Looks great! Frogs must be happy

Dartguy15


----------



## TopGunJags01 (Jul 31, 2004)

what are you tops made out of?


----------



## kyle1745 (Feb 15, 2004)

Nice setup could you tell us a little about the timer, and the misiting setup?

Are the tanks drained?


----------



## Guest (Oct 22, 2005)

what do you use as a heating system?


----------



## JWerner (Feb 17, 2004)

Here's some answers to the last few questions. I use 18 gallon tanks. I use to have drilled tanks but did not like it. I was not able to easily remove my tanks from the racks. Now I simply put a 1.5 - 2" coupling in the false bottom and top it with a threaded plug. I manually drain it. Only takes a minute. Tops are made from glass cut at the local hardware store. For lighting I use shop lights with the biggest reflector I can find. They are attached to the wire racks using 12 x 3/16" x 3" Toggle Bolts. The light comes in two pieces. In the piece housing the lighting hardware there are predrilled holes. I run the bolts through the holes farthest toward the end of the fixture.

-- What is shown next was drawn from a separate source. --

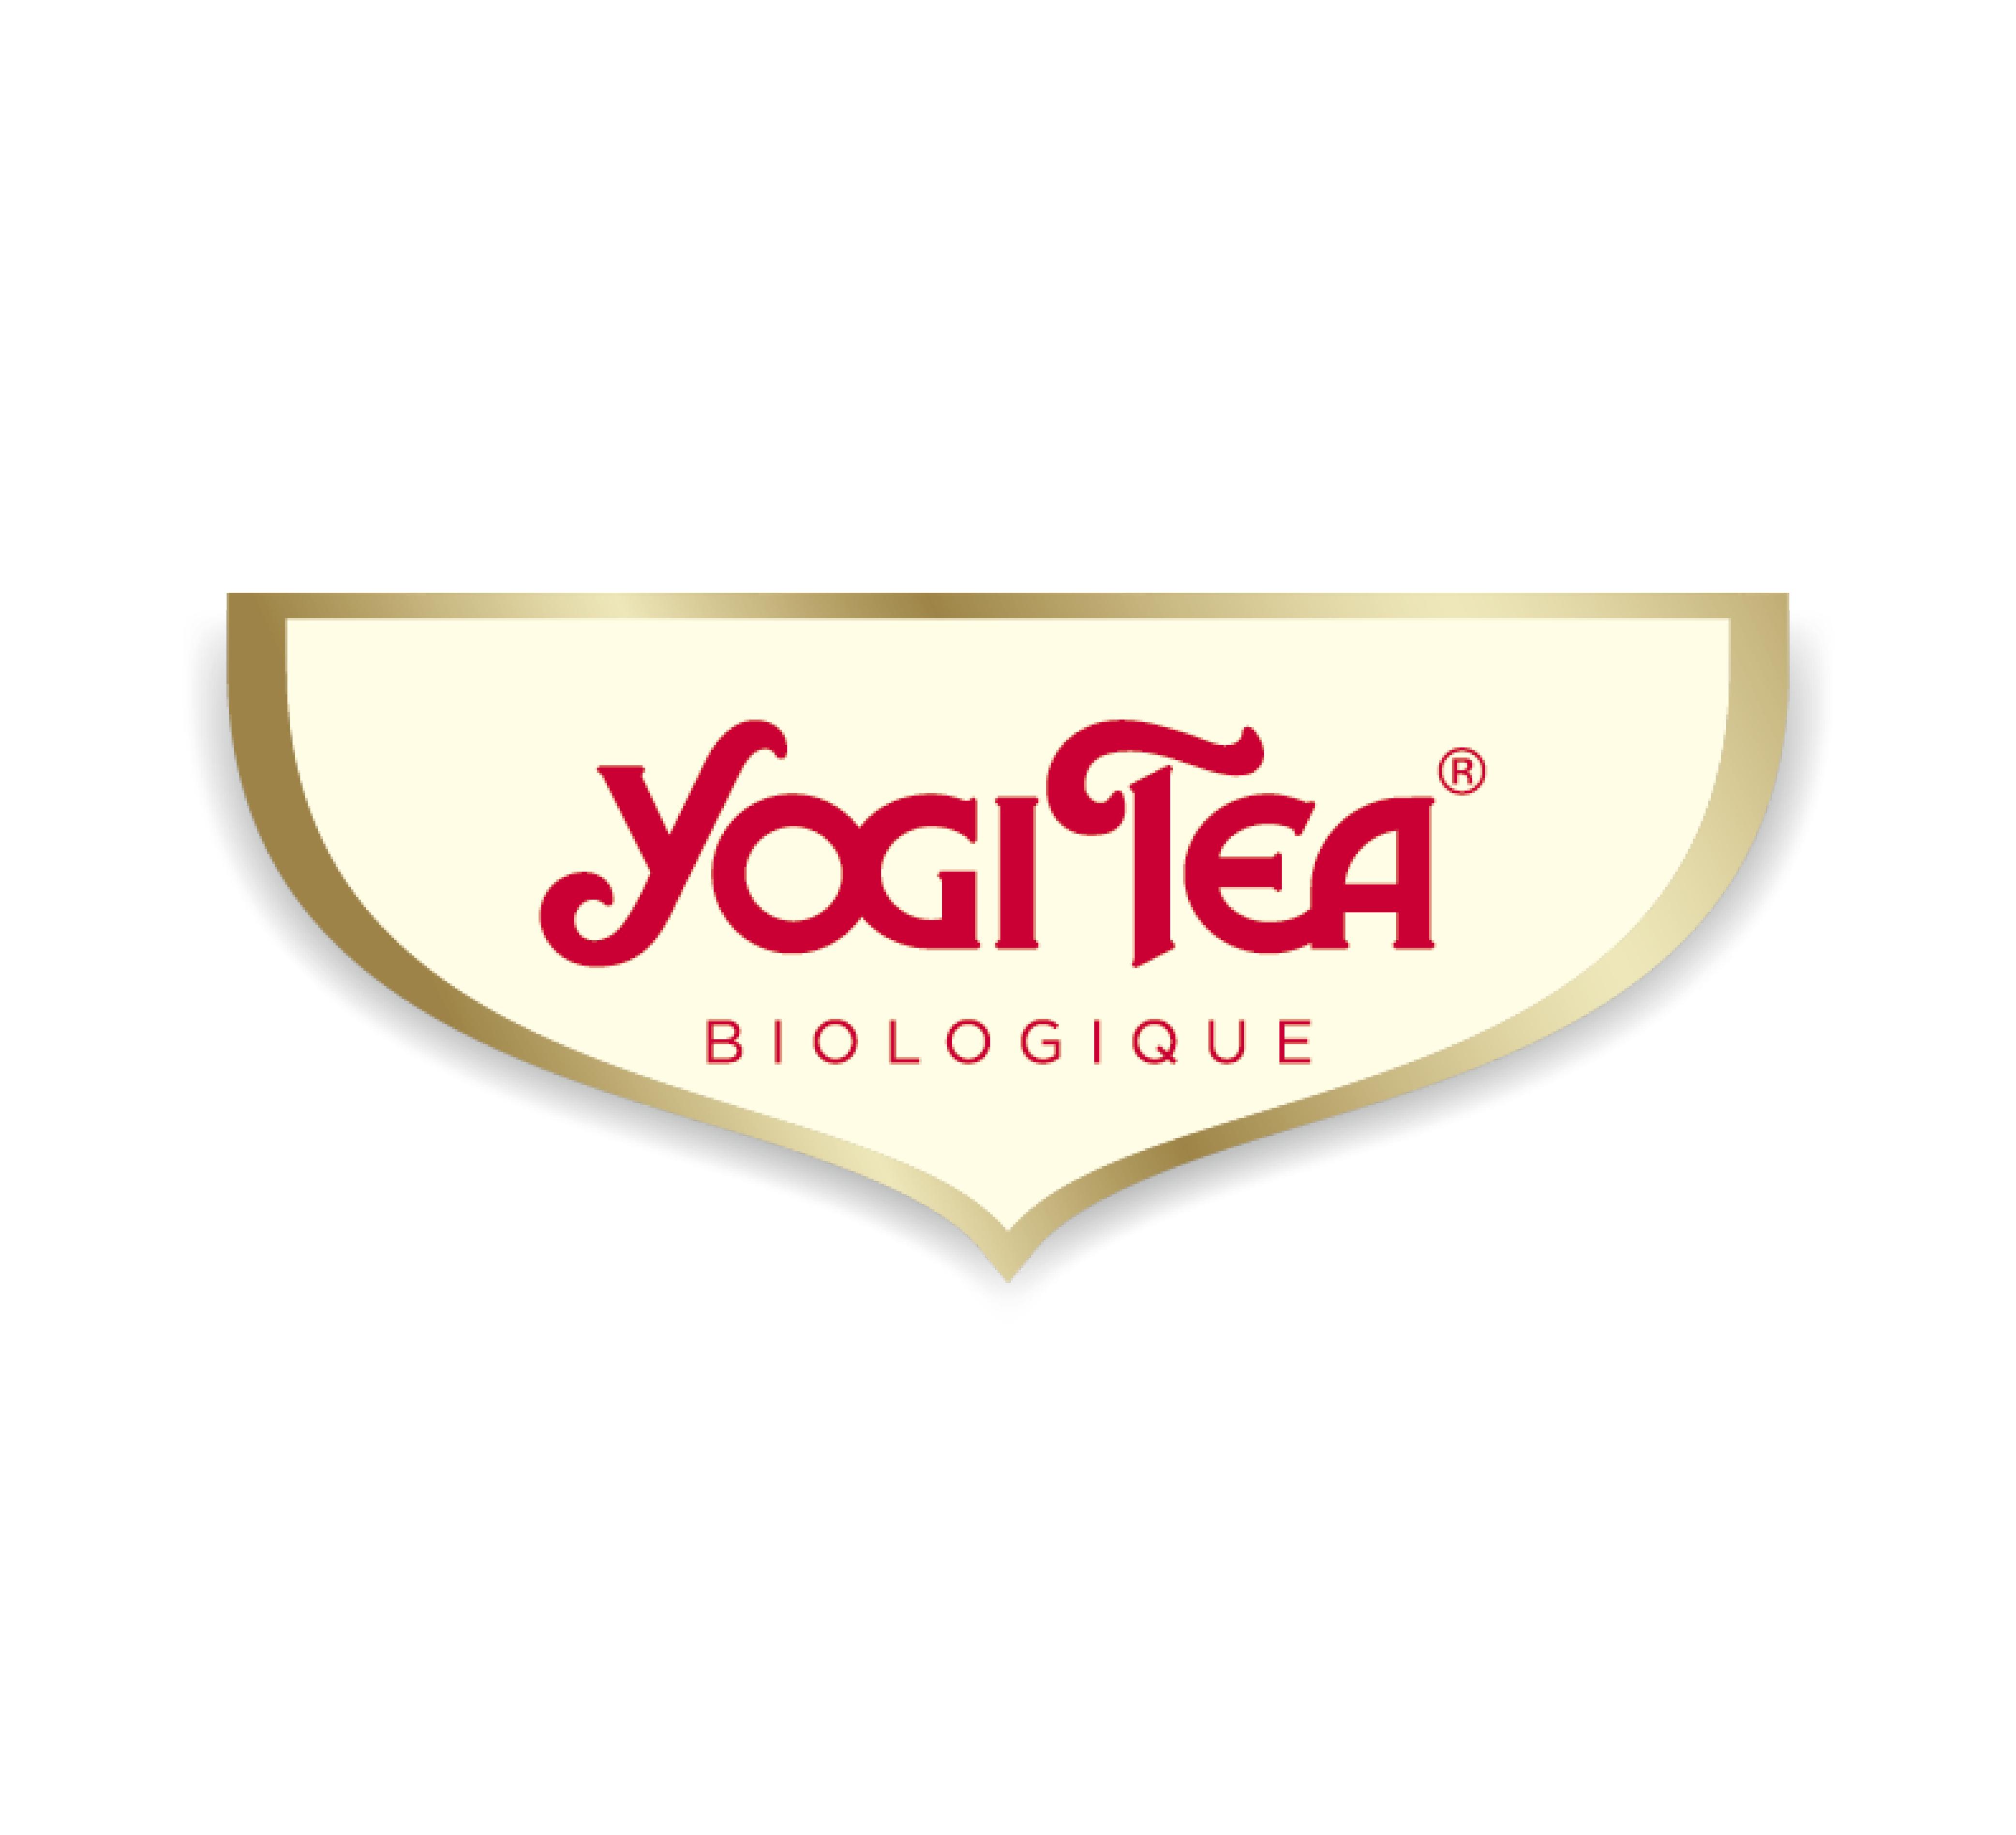 YOGI TEA - SOUTIEN DU LYON STREET FOOD FESTIVAL

The holding the light where I want it, I attach the toggle piece and pass it through the gaps in the wire rack. Tighten with a wrench. Works great and it is super easy to take off the rack if needed.
As for the misting system, I installed a Mist King system about a year ago and love it. I have some sort of big Shur Flo pump hooked up to a manifold that I got from Marty at MistKing. The timer I found at a local Lowes for $20.00. It has two grounded plugs and can be programed for 1 minute increments up to 7 times per day. It also has a manual override button. It is made by Intermatic.


----------



## JWerner (Feb 17, 2004)

Here's a pic of the outside. As you can see, it is seperate from the house, located under a big sugar maple tree I origianlly built it to house dwarf monitors. It is insulated better than out house. Heating it has never been a problem! There is a built in heater with seperate theromostat when needed. I use a reverse light cycle and keep the door partially open at night, even in Winter!


----------